Central Bank Governor Welcomes Consensus On Austerity
During a speech to the Parliamentary Committee for Finance, he warned that the Cypriot economy is showing marked signs of recession after the third quarter showed negative growth. In other comments, he said that the general government deficit is set to be 6.7 percent of GDP, significantly higher than the already problematic deficits in the last two years.
"The most important consequence of fiscal deterioration of recent years is the loss of our credibility as a state, so that we have been completely excluded from international markets as of May 2011," said Orphanides.
Cyprus bond yields are skyrocketing, sadly reflecting the concern of international investors over the Republic's creditworthiness, which compromises the role of Cyprus as a financial centre, he said.
"It is crucial for our country to immediately reverse this picture. Is it possible for foreign investors to trust us with their funds when they see that we cannot properly manage our own?" asked the Central Bank Governor.
The loss of market confidence in a state puts the banking system under tremendous pressure, he said.
"I am very positive that the critical situation has been recognised. The government and political parties have publicly acknowledged the need to reduce public spending, including the freezing of the state payroll for two years," said Orphanides.
After the measures are passed through Parliament, the market reaction should be closely monitored in the hopes that the political consensus can restore investor confidence, said Orphanides.

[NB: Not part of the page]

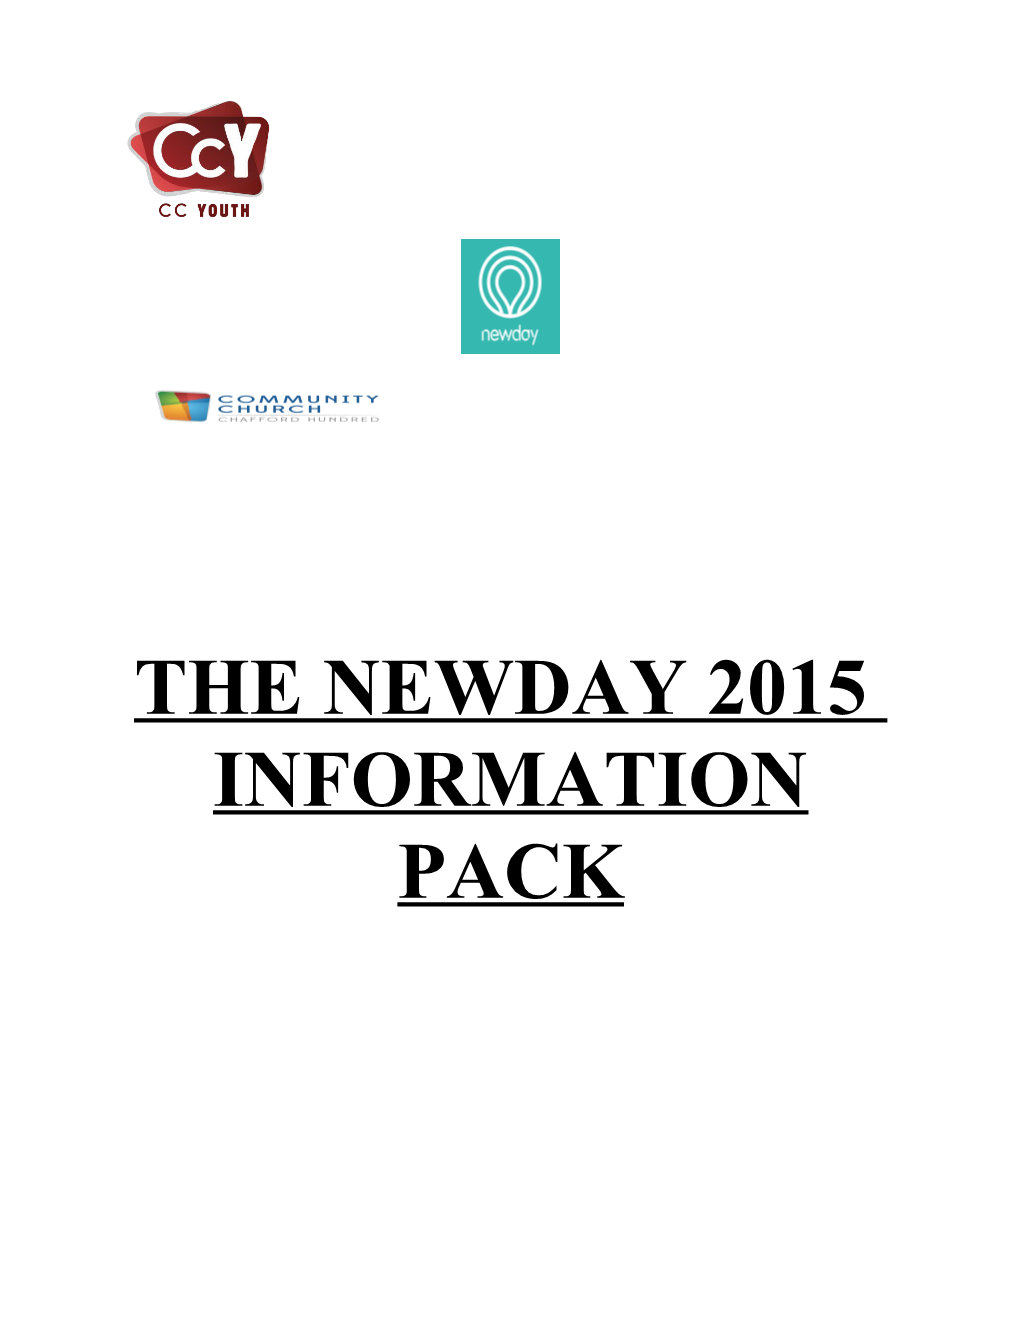 Information Pack s1

The new package agreed between President Demetris Christofias and political parties includes:
-Freezing Cost of Living Allowance (CoLA) and state employee salaries for two years.
-A temporary contribution from private employees who earn more than 2,500 euros per month that will be shared equally by the employee and employer.
-A rise in tax on dividends from 17 percent to 20 percent.
-Reviewing property taxes.
-Passing a bill raising VAT from 15 to 17 percent.
-Savings from social benefits of 200 million euros.
-Combating tax evasion by taxing loans taken by directors of companies and their families, and by withholding salaries for which no regular contributions were made to the Social Insurance Fund.
-Reviewing various financial allowances in the public sector with a view to removing or modifying them.
-Taking steps to support growth such as strengthening small and medium enterprises in cooperation with the European Investment Bank.
-Provide tax incentives for investing profits in development projects and automation.
-Establishing a committee with the Ministry of Finance and political parties related to reducing the operating costs of the public sector and reviewing the contribution from wealthy individuals.
The measures are expected to be voted on in the House of Representatives on December 15th.